The pipe had been previously blind flanged, 180′ below the lake surface. There was a single, 12″ riser pedestal. There were numerous significant challenges to face, including:
- 2GPM residual leak from the blind flange buried in 15′ of lake floor debris
- inability to push sacrificial pipes more than 500′ up the pipe
- remote site with limited ready mix service
CJGeo worked with the general contractor, diving subcontractor, sacrificial grout pipe installation subcontractor, geotechnical and civil EORs, and the owner, to develop a single stage grouting plan to place approximately 350CY of 68lb/cuft cellular grout from the downstream end.
Venting was achieved by installing a 4″ removable vent pipe from the pedestal riser, 180VF to the lake surface, terminating on a barge. Since there was only one opportunity to do the job correctly, CJGeo had two fully staffed grout plants onsite, and had all cement and mix water staged in onsite storage prior to the start of grouting to avoid any material logistics disruptions affecting the work.
CJGeo placed the 68lb/cuft grout over a period of a few hours, leaving an intentional air pocket at the high end to capture infiltrating lake water long enough for the grout to set prior to seeing lake head.
DeRuyter Reservoir Outfall Abandonment
The DeRuyter Reservoir, in DeRuyter, New York, is a 557 reservoir originally developed as part of the Erie Canal system.
As part of a dam upgrade project, the three parallel 22″ diameter, 300LF outfall pipes needed to be abandoned, along with a stone box culvert downstream of the valve chamber the pipes terminated into.
Each of the three pipes had been previously blindly flanged by divers. Therefore, the only access was from the downstream end within the valve chamber. In order to vent the air displaced by the abandonment grout, vent or placement points needed to be installed just behind the upstream blind flanges, which were approximately 40′ below the water surface.

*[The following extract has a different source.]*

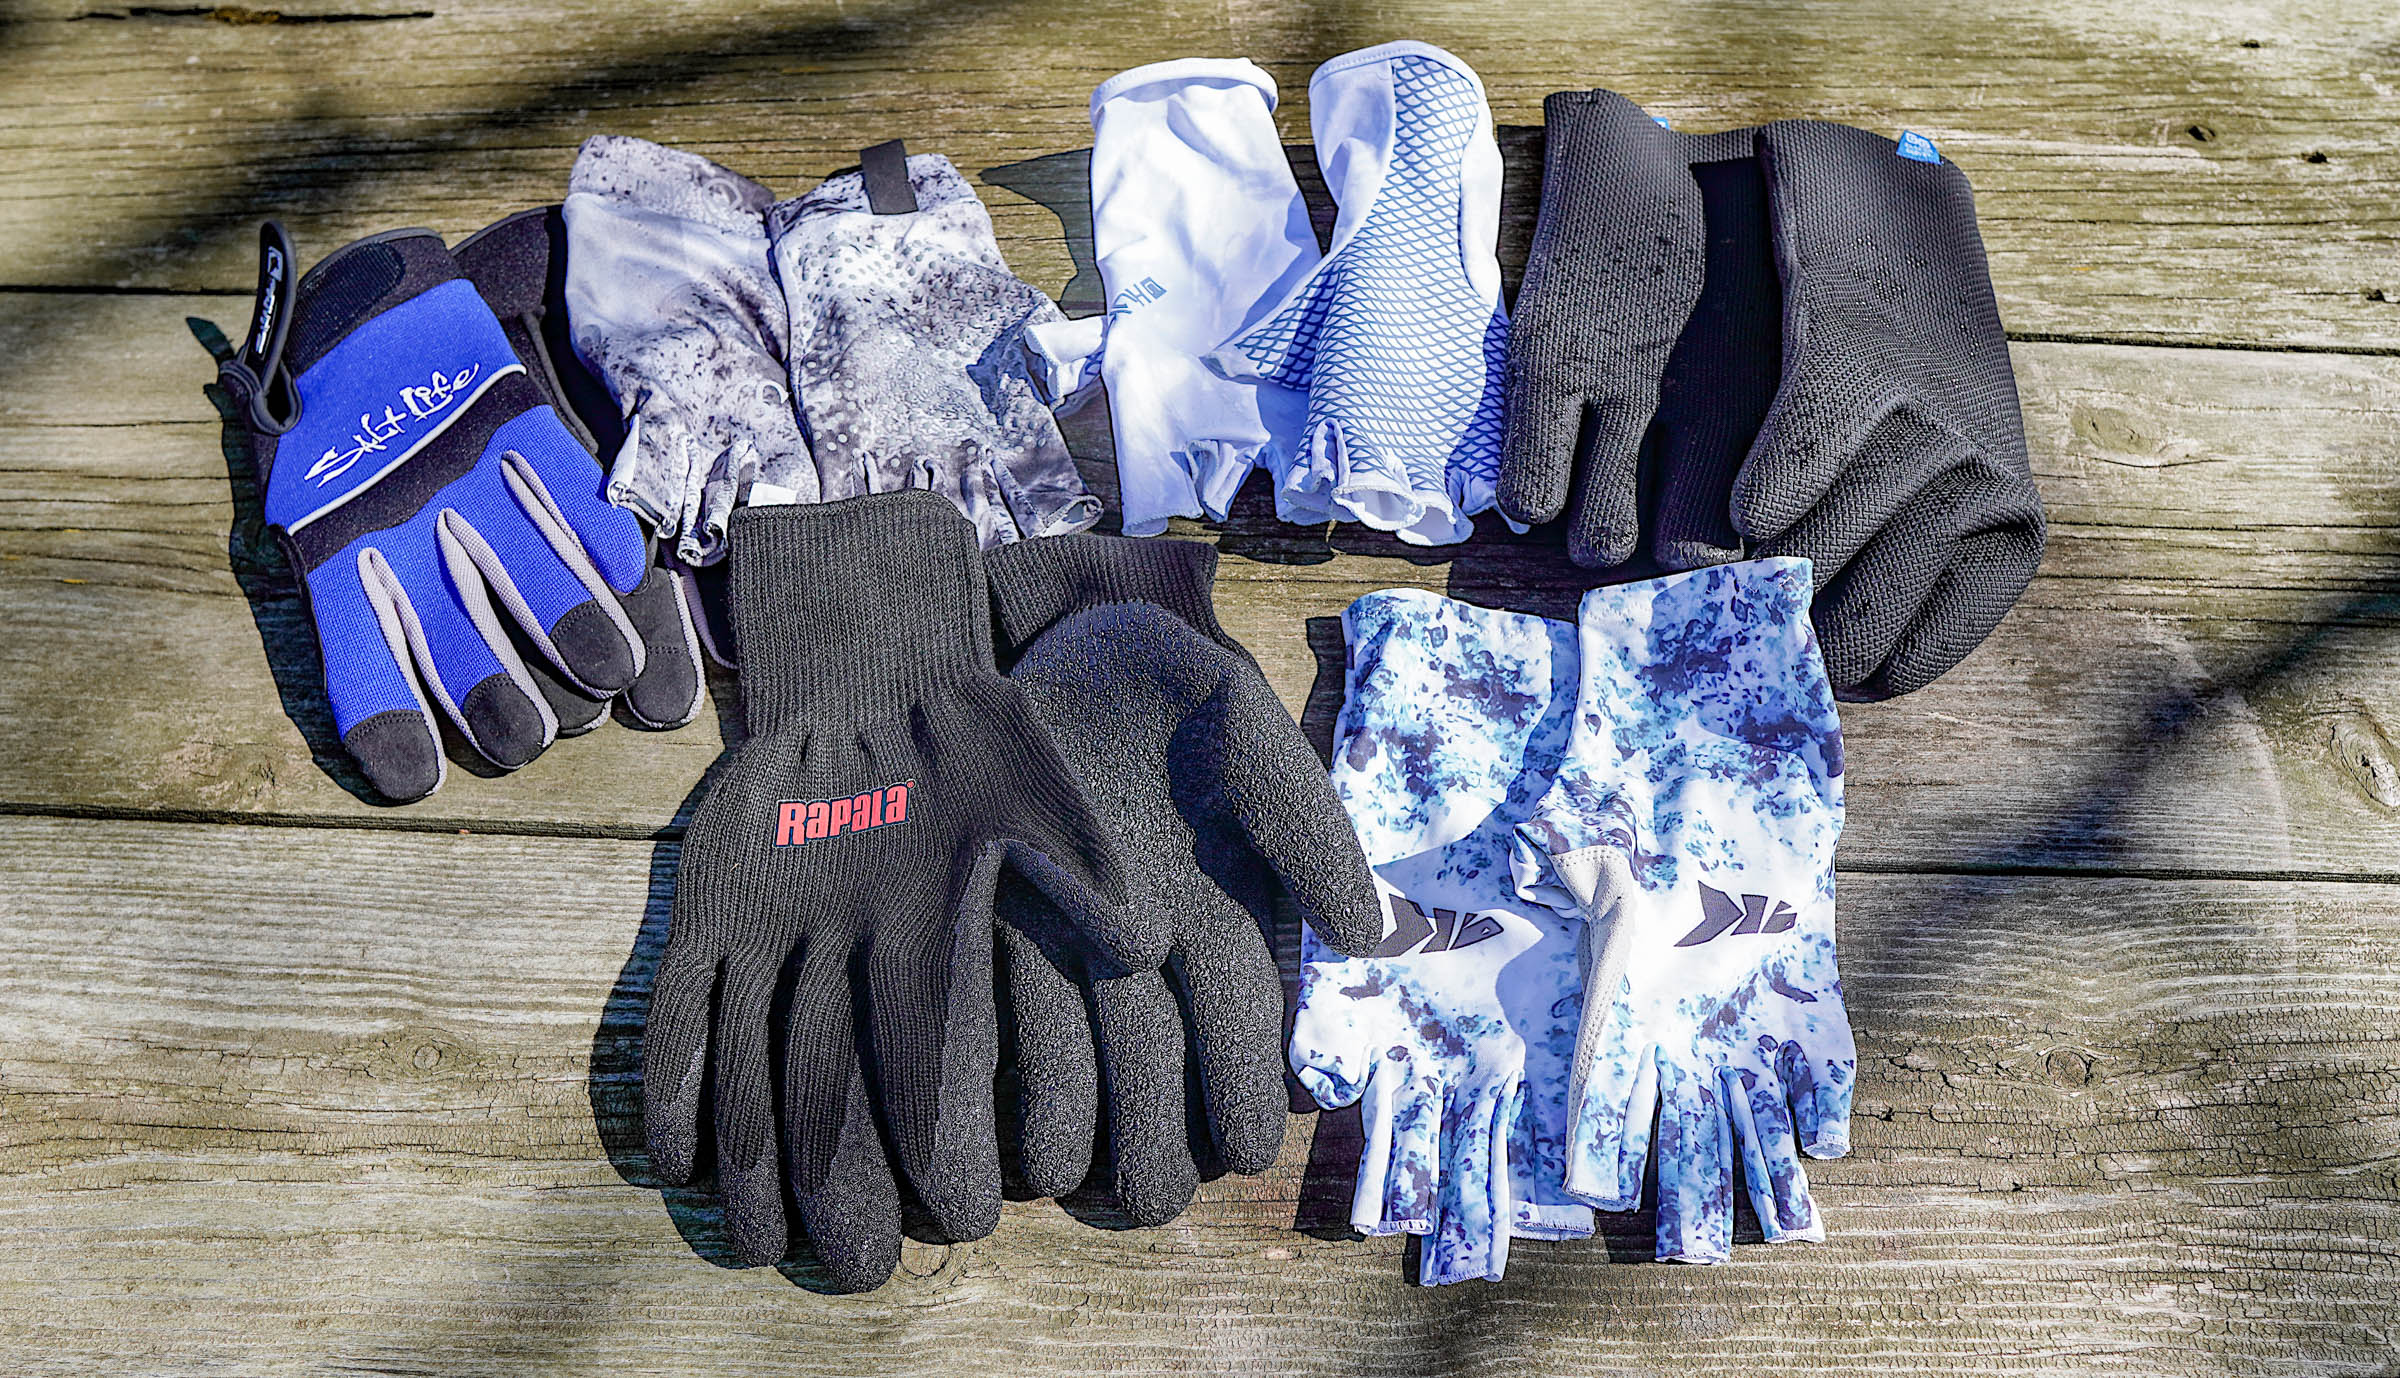 Winter Neoprene Fishing Gloves Anti Slip Fly Fishing Gloves Keep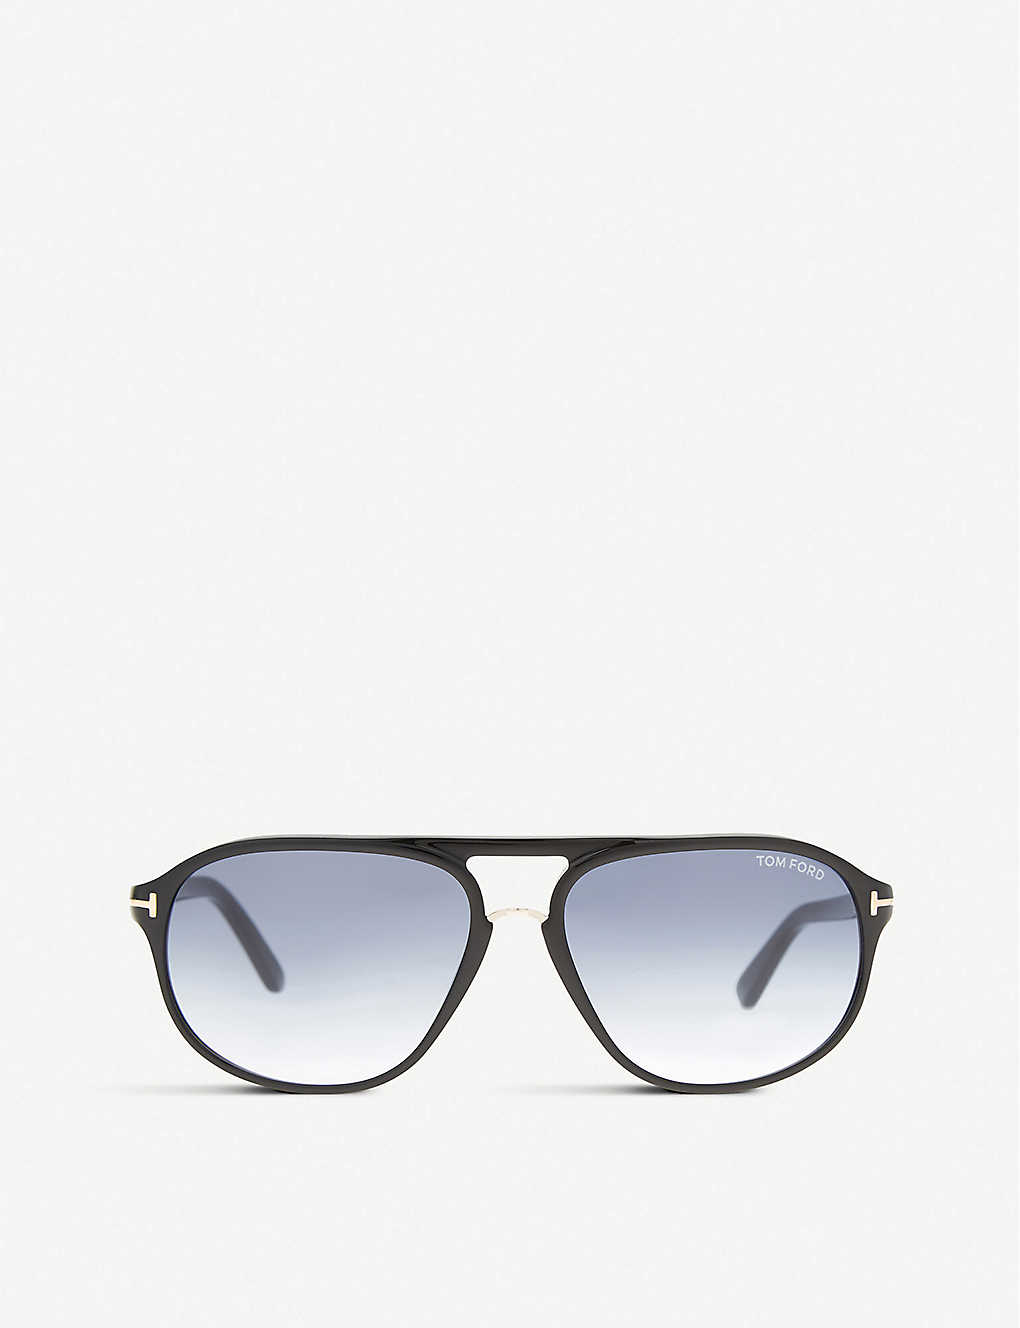 Tom Ford Mens Black Shiny Jacob Aviator Sunglasses

CJGeo worked with the general contractor to design an internal venting system utilizing sacrificial placement pipes installed from the valve chamber. After each of the sacrificial grout pipes was installed, the downstream terminations were bulkheaded, with vent stubs.
CJGeo mobilized a cellular grouting crew, who placed 30lb/cuft cellular concrete through each of the sacrificial grout pipes, until grout returned to the bulkhead vents, confirming fill. The work was completed over two days an onsite-the first day for the abandonment pipes and first lift in the box culvert, and the second day for a top-off pour on the box culvert.
8″ Toe Drain Abandonment
Lake Whetstone is an approximately 30-acre manmade impoundment located in Montgomery Village, Maryland. It is utilized for stormwater runoff control, and also recreation, with an approximately 1000LF earthen dam.
As part of a retrofit program of the embankment, two 8″, perforated CMP toe drain pipes need to be grouted for a minimum of 100LF, underactive flow.
Each of the two, 100′ long pipes needed to be grouted full, but could only be accessed from the downstream end of the pipes. One pipe had nominal flow, and the second pipe had approximately 10GPM and discharged through an end wall structure at the stilling basin.
The project designer, Gannett Fleming, specified NSF Section 61 certified grout (potable water contact) for the abandonment grout. Due to the “one-shot” nature of the project, above-ground mockups, including sacrificial pipe installation, chemical grout cup testing, yield analysis, and visual inspection, were all required prior to the start of grouting.
CJGeo performed the onsite mockup testing and analysis, and then grouted the two pipes in place successfully over a period of two days onsite.